- [About this task]: Copy, please, the line with "Clean lined sofa, designed" and each line that follows it through the end of the data below, exactly as given and without pictures.

- [Given data]:
== Segment start ==

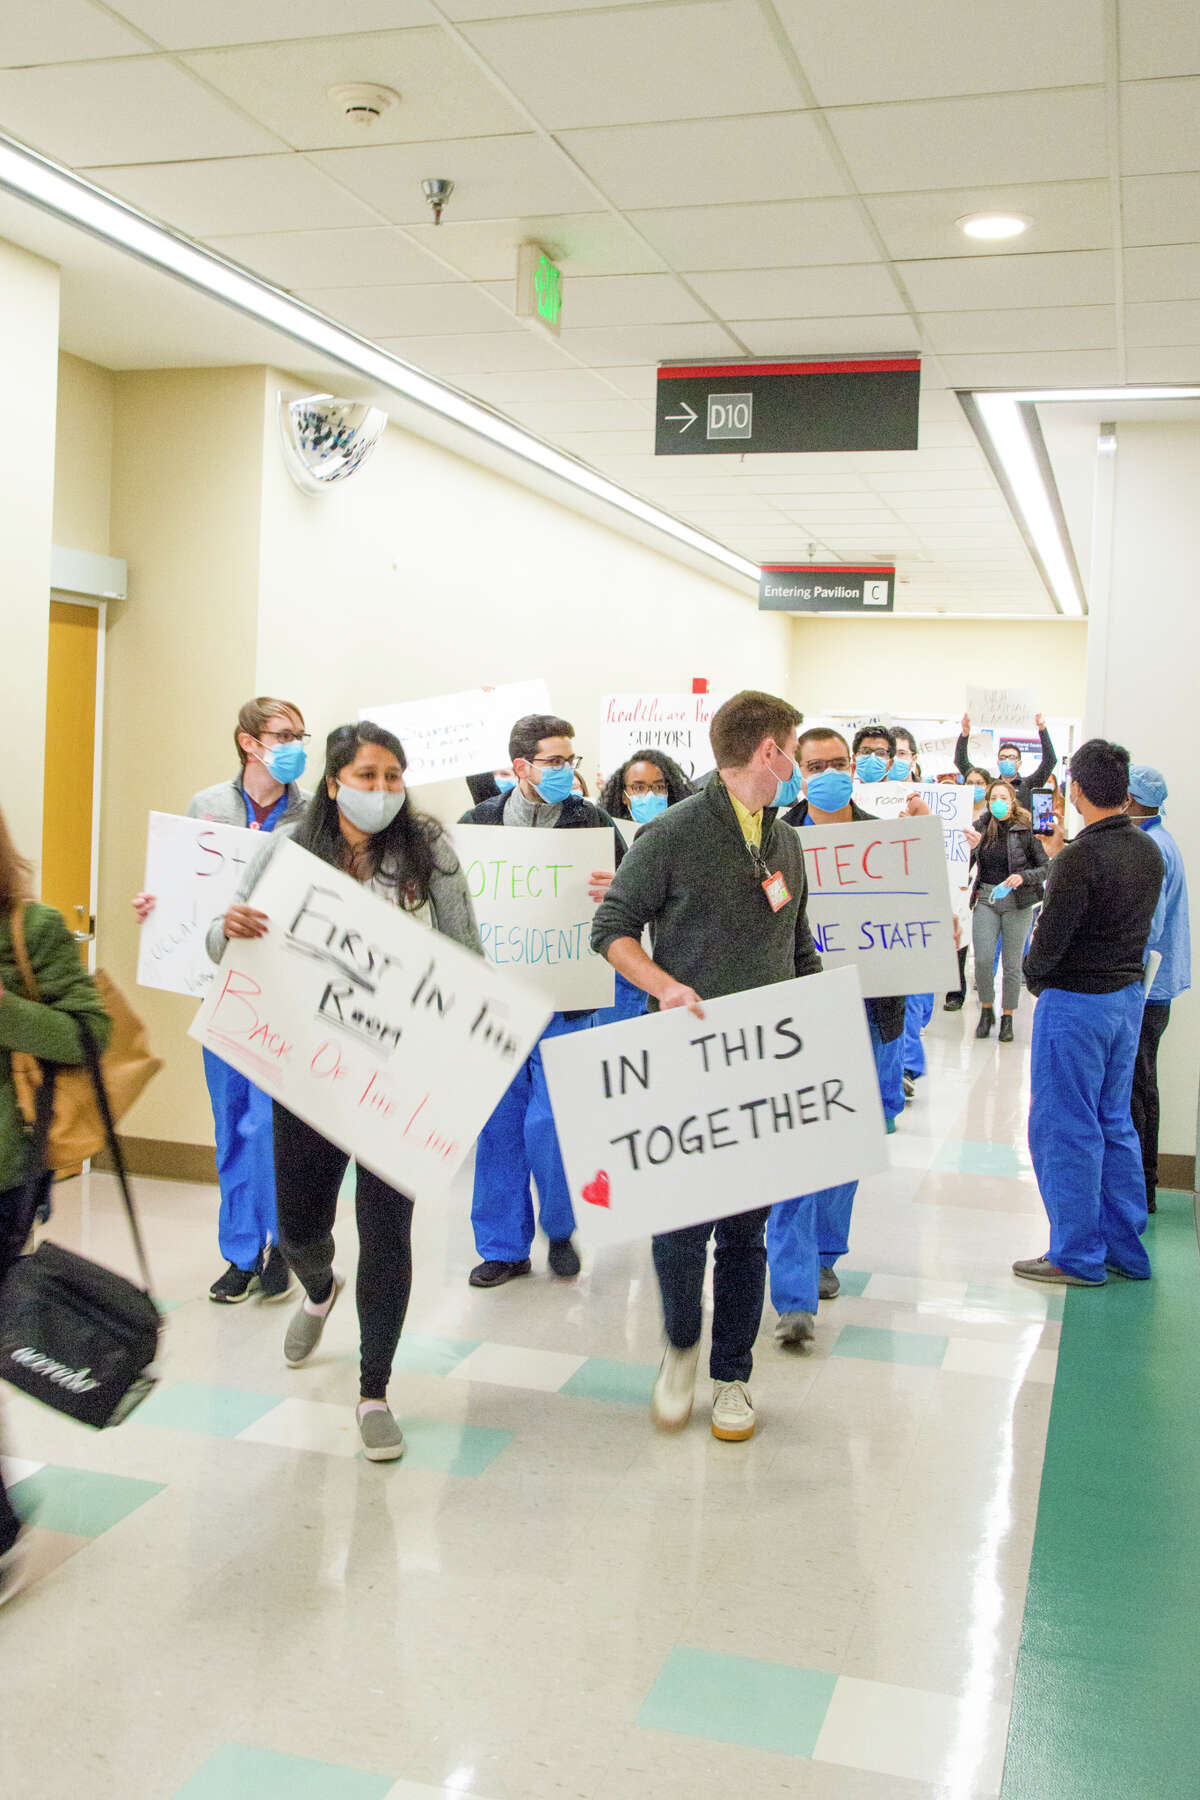 Residents at Stanford Hospital protested Friday, December 18, 2020 against executives' decision to give vaccines to some administrators and doctors who are at home and not in contact with patients rather than workers at First line.
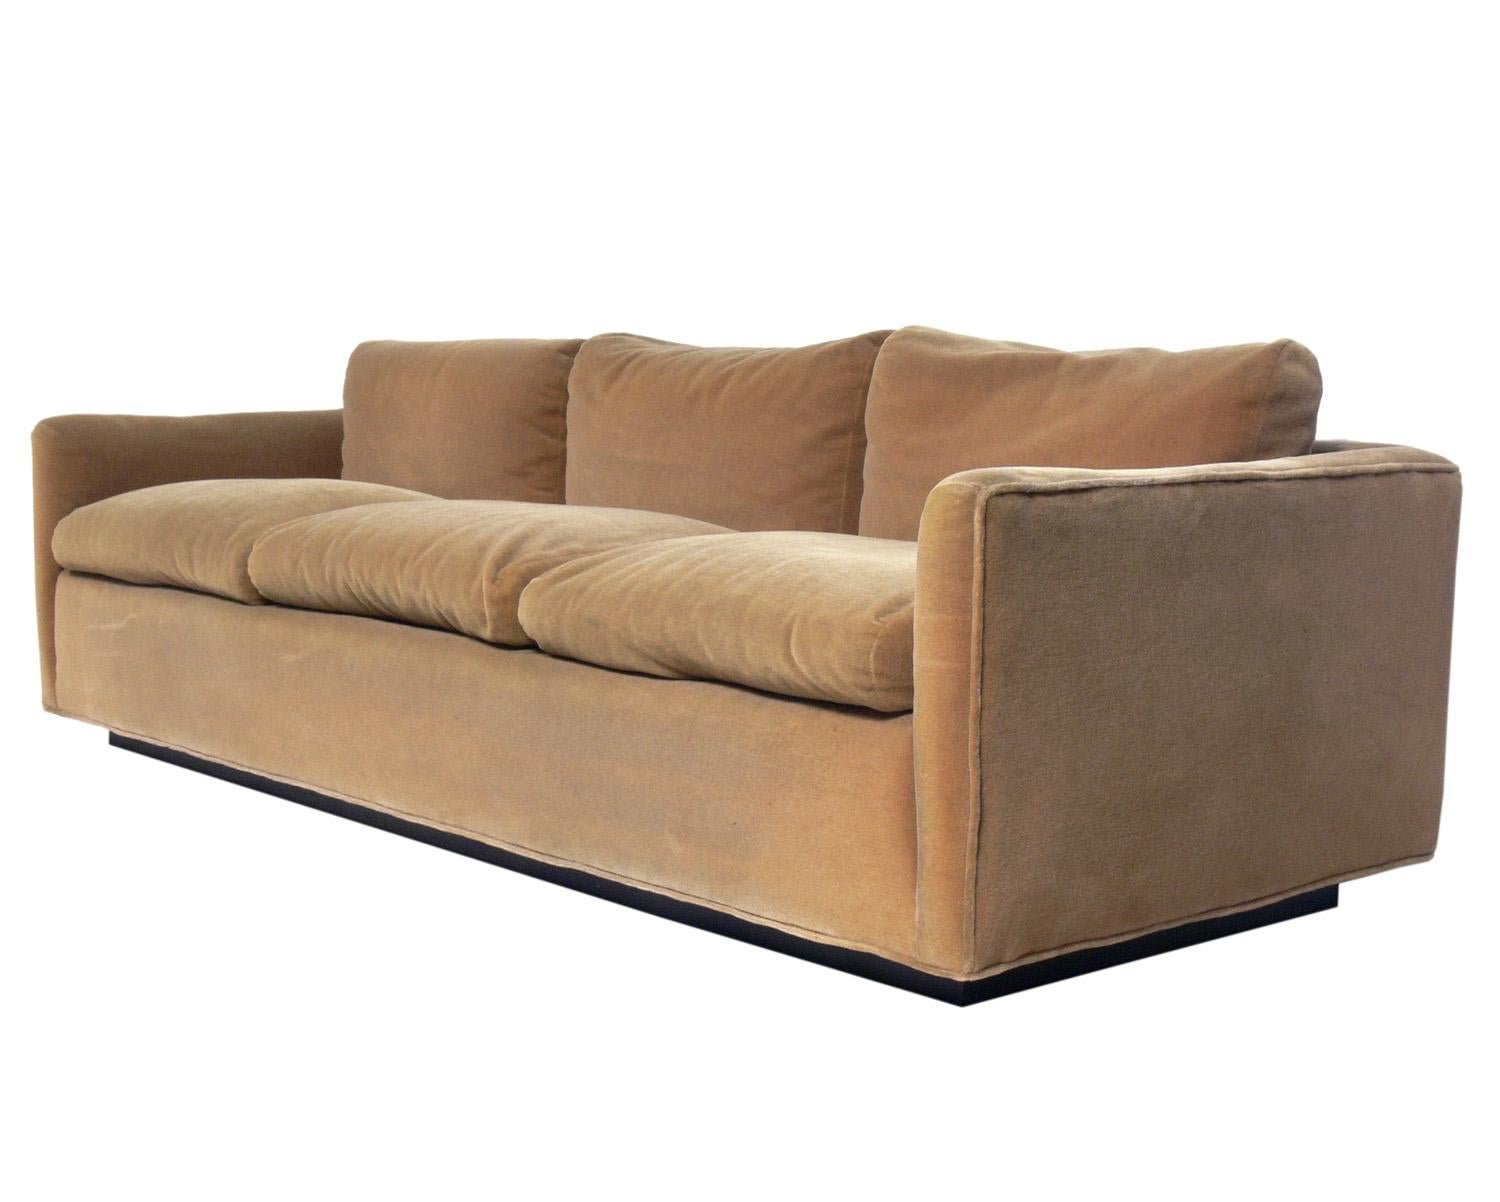 Clean lined sofa, designed by Ward Bennett for Lehigh Leopold, American, circa 1960s. Signed with Lehigh Leopold label on decking. This sofa currently retains it's original tan mohair upholstery. It exhibits some wear and should only be used if you
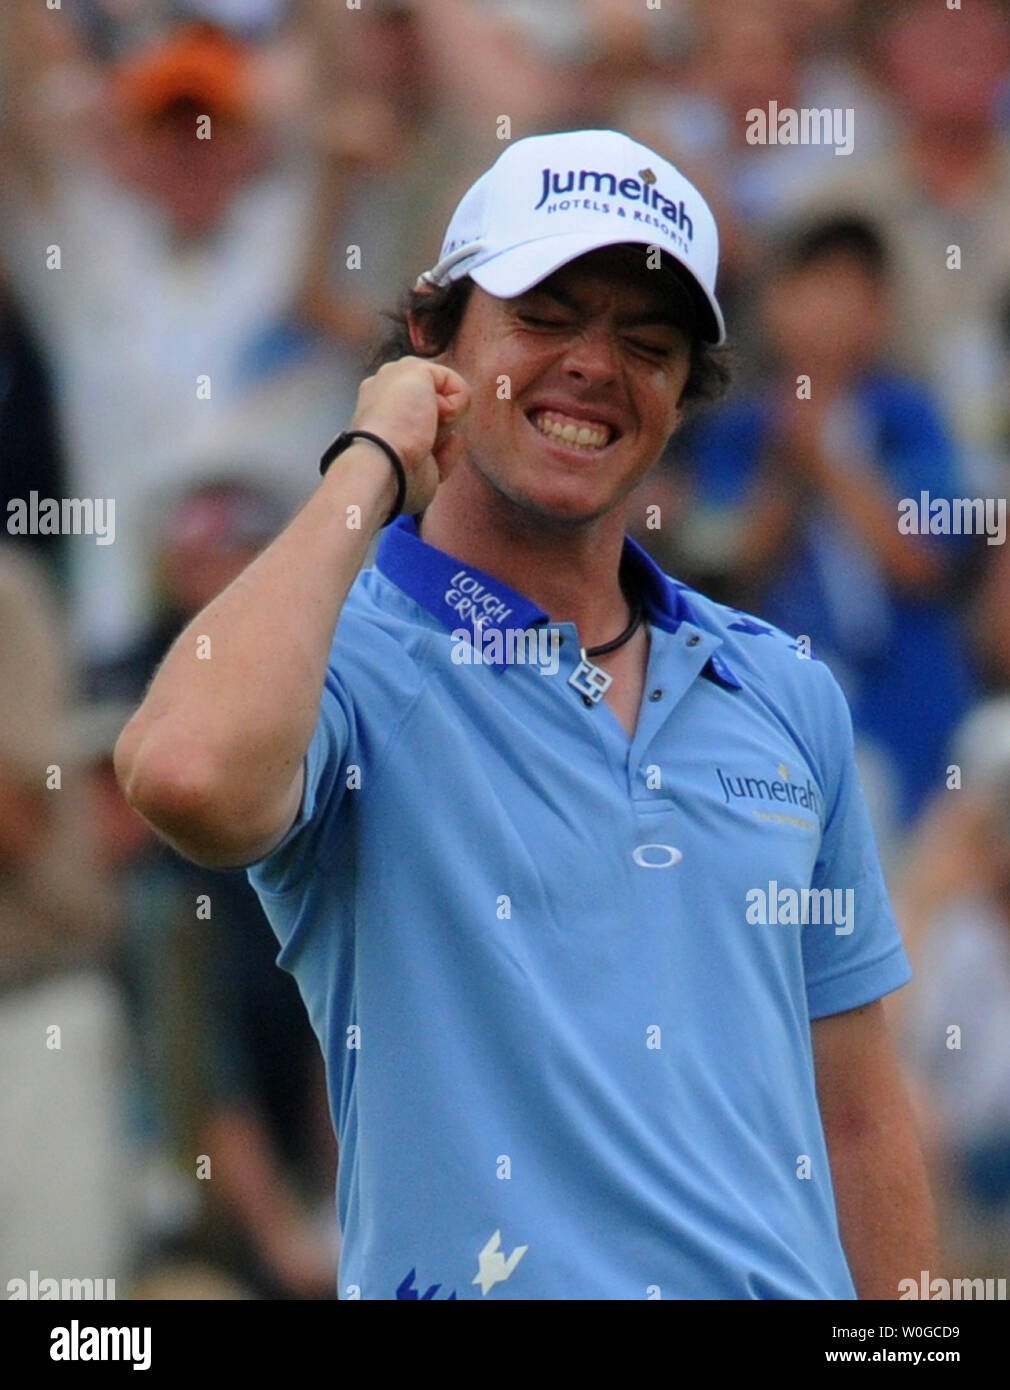 Northern Ireland's Rory McIlroy smiles and jubilates after making his final putt and winning the 2011 U.S. Open golf championship at Congressional Country Club in Bethesda, Maryland on June 19, 2011.  McIlroy set a record in winning with a 16-under-par score.     UPI/Pat Benic Stock Photo

== Segment end ==

- [Task solution]:
 Clean lined sofa, designed by Ward Bennett for Lehigh Leopold, American, circa 1960s. Signed with Lehigh Leopold label on decking. This sofa currently retains it's original tan mohair upholstery. It exhibits some wear and should only be used if you
 Northern Ireland's Rory McIlroy smiles and jubilates after making his final putt and winning the 2011 U.S. Open golf championship at Congressional Country Club in Bethesda, Maryland on June 19, 2011.  McIlroy set a record in winning with a 16-under-par score.     UPI/Pat Benic Stock Photo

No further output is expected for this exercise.